The US Department of War memo highlights the need for speed in deployment, development and experimentation, and also the need for data:
“Competition > Centralized Planning. As America’s AI ecosystem demonstrates, robust competition by small teams, with transparent metrics for results, is the engine of commercial AI leadership. We must bring this model into the Department and encourage robust competition to spur faster military AI integration. Small, accountable teams will win over process in a race characterized by dynamic and unpredictable innovation. We will measure success through continuous field experimentation: putting AI capabilities in operators’ hands, gathering feedback within days not years, and pushing updates faster than the enemy can adapt.”
“Data Access.
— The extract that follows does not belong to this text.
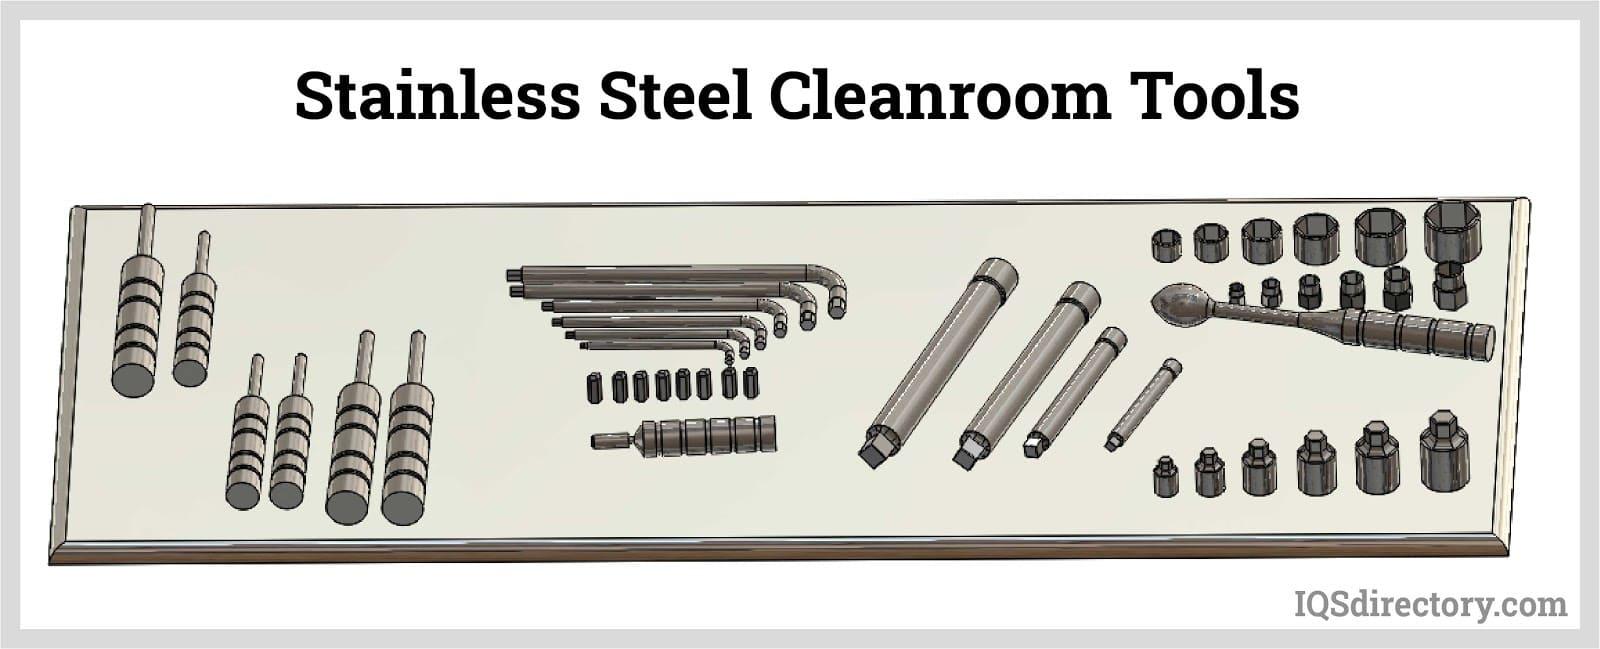 Stainless Steel Cleanroom Tools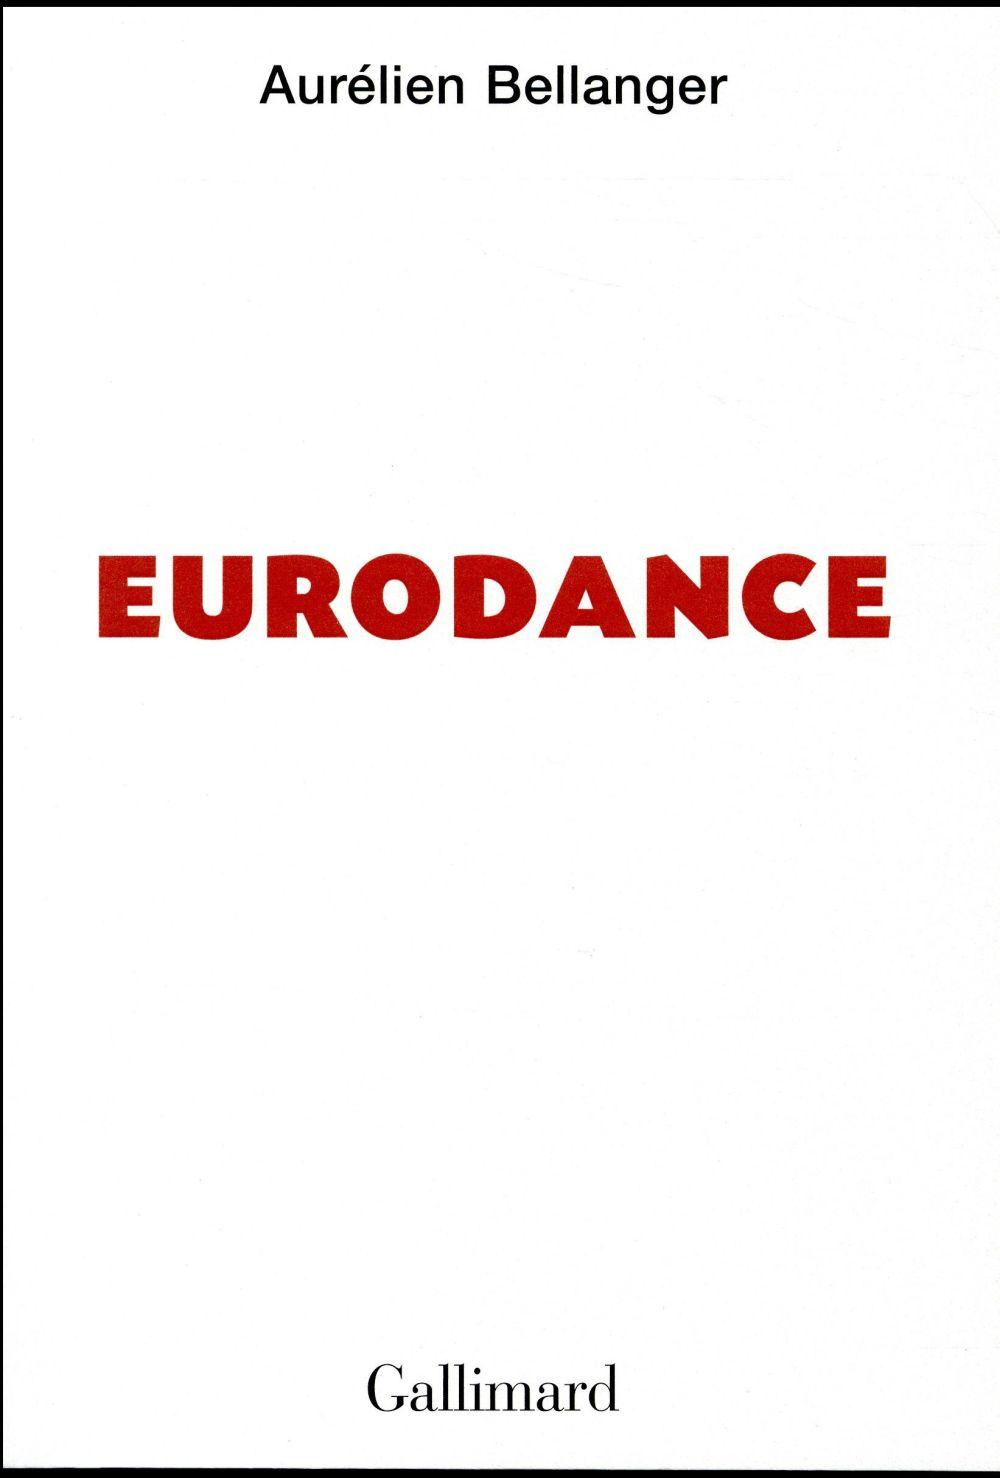 EURODANCE BELLANGER AURELIEN GALLIMARD

I direct the CDAO to enforce, and all DoW Components to comply with, the ‘DoD Data Decrees’ to further unlock our data for AI exploitation and mission advantage… The CDAO is authorized to direct release of any DoW data to cleared users with valid purpose, consistent with security guidelines… Our data advantage is meaningless if our developers and operators cannot exploit it.”
Kania points out
The PLA is actively pursuing AI-enabled systems and autonomous capabilities across services and for all domains of warfare… integrating these capabilities across command, control, communications, computers, intelligence, surveillance, and reconnaissance (C4ISR)… enabling coordination among unmanned systems and decision-support architectures.
When AI goes to war, the role of humans becomes even more important
As autonomy becomes key, control is now architectural, decisions are iterative, and not command driven.
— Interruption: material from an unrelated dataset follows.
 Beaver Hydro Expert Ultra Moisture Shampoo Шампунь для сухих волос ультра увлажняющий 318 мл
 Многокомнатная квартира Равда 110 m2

A fault line that emerges is that militaries are built to think in terms of hardware and assets, not in terms of continuously learning systems whose behaviour cannot be fully specified in advance. If warfare becomes a contest between adaptive architectures, and decisions have be made before humans can parse the data in front of them, then deterrence, control, and ethics must also be rethought. Old assumptions about escalation, restraint, and human oversight don’t find a place easily in this emerging construct.
The advent of AI is shifting control over war to distributed learning architecture. The role of humans in war is going to be limited: command is no longer control, and someone’s gut is not going to determine whether a trigger gets pulled, or a system stands down. Because of this, the role of human beings, when it comes to autonomous orchestration of war is going to be even more important: in architecting the systems.
Who decides the objectives, the thresholds, the tolerance for error, and the rules under which machines escalate and deescalate. That is the new Essence of Decision.